There Were No Blackcurrants In The Mayflower
It's difficult to find time to immerse one's self in the arcana of The Arena Warz, when situated several thousand miles away, in a place where the streets flow with Ribena. It's even more difficult when communing with Ur-bloggers and Denton's minions.
But I'm more than a little sad to hear that the Brooklyn Beer boycott had come to this:
“The boycott is on,” said Freddy’s manager Don O’Finn. “I have to find the right beer to replace it on the tap beer system, fix the beer list sign, and then Brooklyn is out.”
O’Finn felt confident the decision would appease his customers, even though Brooklyn Lager is a top selling beer. The bar is, after all, the hub for Ratner opponents.

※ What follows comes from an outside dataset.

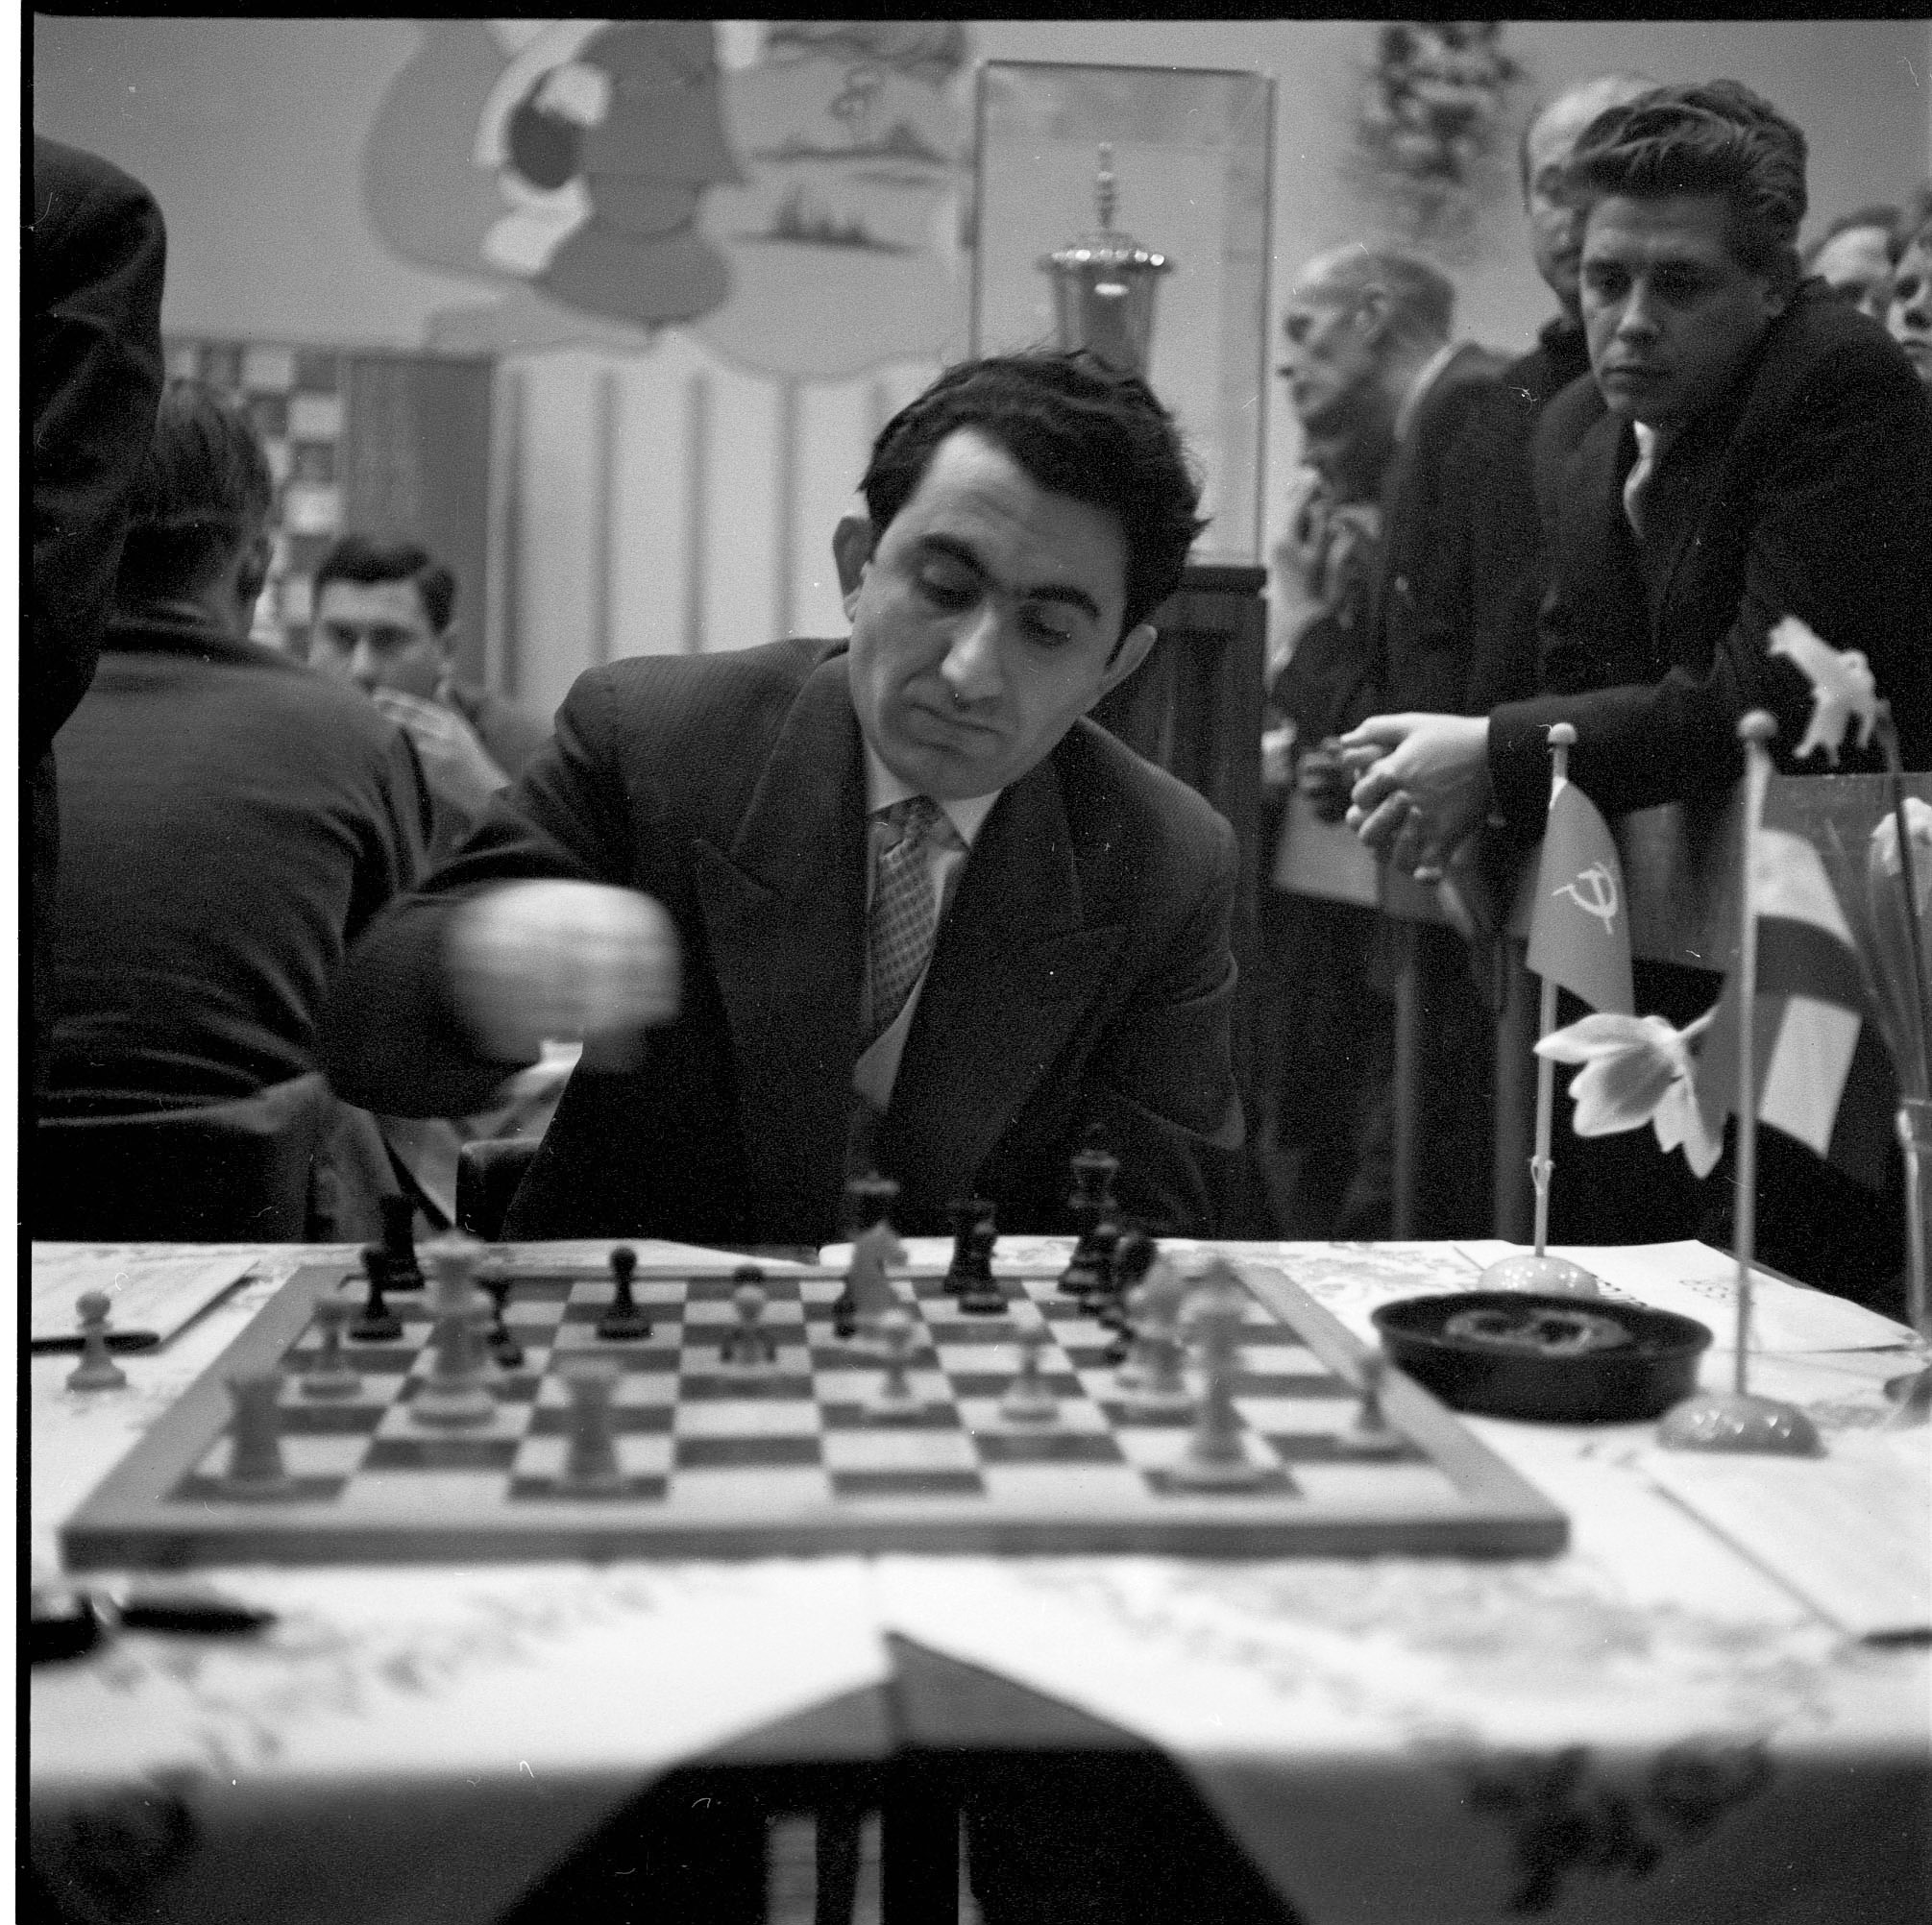 Play Like a World Champion: Tigran Petrosian

It's probably inevitable that a bar that would be bulldozed to make way for a beer concession would not be that keen on selling the beer in question. But I'd hoped, secretly, that people would just stop drinking it and sock it to the man in a quiet and undignified fashion.
Still, quiet and dignified is probably not the best way to appeal to public opinion. And it cannot be denied that avoiding drinking Brooklyn Beer seems to have attracted public attention in a way that few of the other anti-Arena protests have.
Most comical is the counter-boycotter referenced in the above article. He feels, in a way that has been nagging at me from time to time, that a boycott might be disproportionate, and decides to drink Brooklyn Lager while wearing a Brooklyn Lager t-shirt. That's got the makings of a classic noise machine right there. Unless he looks like a bear, in which case Mr. Hindy might ask his friend to stop, I hope.
You might call the above words space-filling. You'd be wrong. They're an epic and inspiring tale of struggle against one of the more unpleasant jet-lag-complicated hangovers I've suffered in recent weeks. There was gin and cigars and taxis and two fine hostelries - The White Stag and the Ritz Carlton's piano bar.
Didn't we used to be rock pig? Yeah, that's right.